Analyzing the balance of Exploration and Exploitation in Adaptive Information Sampling of Unknown Spatial Fields
Abstract
Adaptive sampling and informative path planning approaches enable efficient selection of the mobile robot’s waypoints to obtain accurate sensing and mapping of a physical process, such as the radiation or field intensity. However, it is not clear to what extent the parameters of the adaptive sampling function play a role in balancing the exploration of new information and exploitation of existing information combined with the robot’s energy consumption perspective.
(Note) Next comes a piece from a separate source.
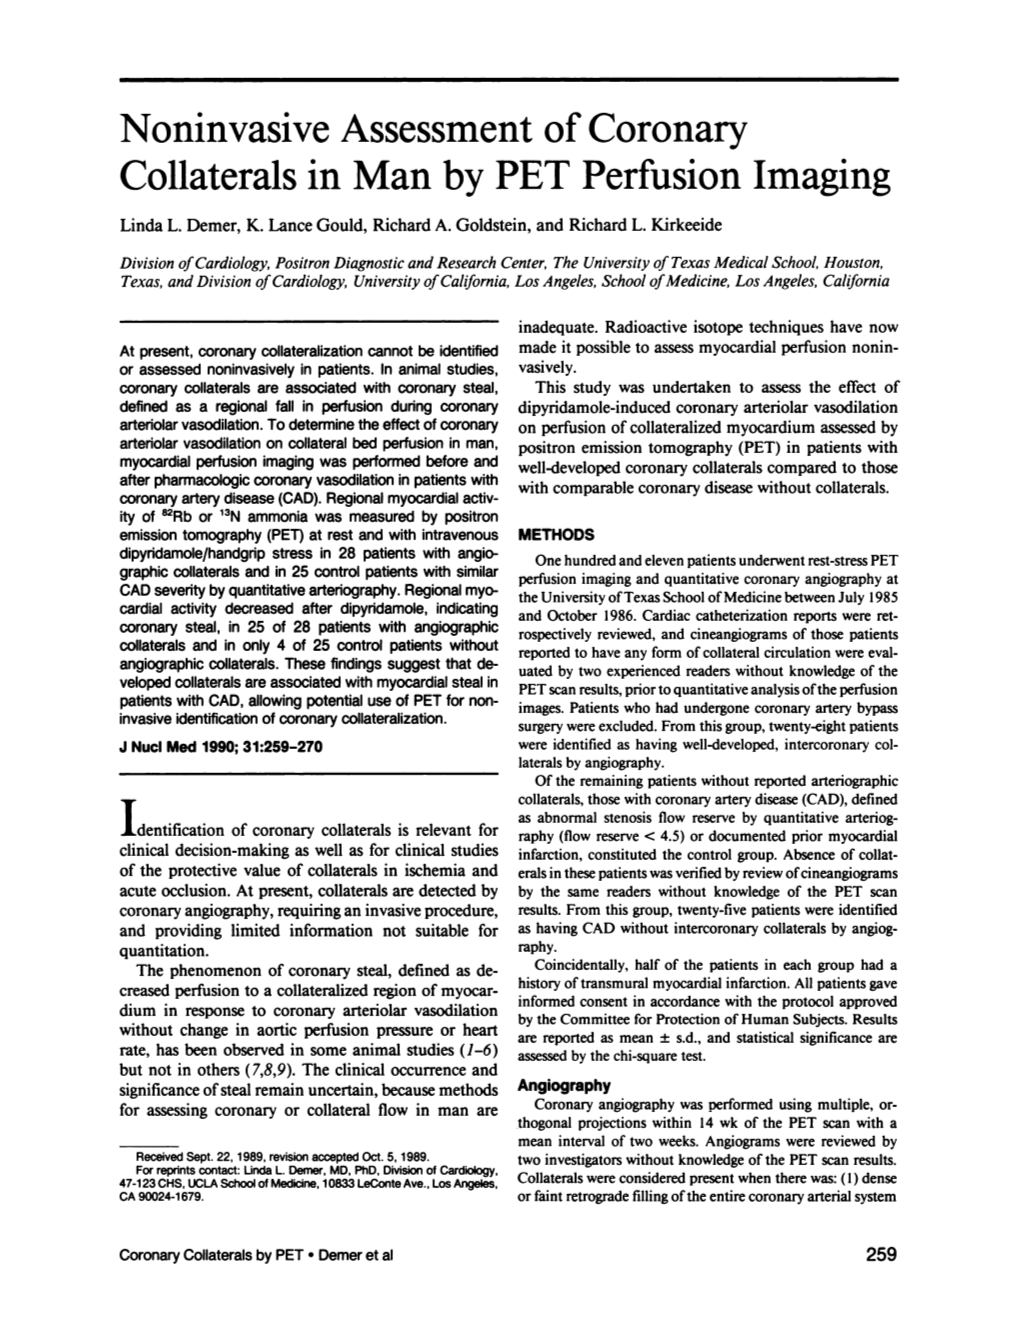 Noninvasive Assessment of Coronary Collaterals in Man by PET Perfusion Imaging

This paper provides this necessary perspective and uniquely analyzes the impact of the adaptive sampling algorithm’s information function used in exploration and exploitation to achieve a trade-off between balancing the mapping, localization, and energy efficiency objectives. In addition, we propose a new time-varying parameter to balance the sampling objectives dynamically during a mission. We use Gaussian process regression (GPR) to predict and estimate confidence bounds, thereby determining each point’s informativeness. Through extensive experimental data, we provide a deeper and holistic perspective on the effect of information function parameters on the prediction map’s accuracy (RMSE), confidence bound (variance), energy consumption (distance), and time spent (sample count). The results provide meaningful insights into choosing appropriate information function parameters based on sampling objectives (e.g., source localization or mapping).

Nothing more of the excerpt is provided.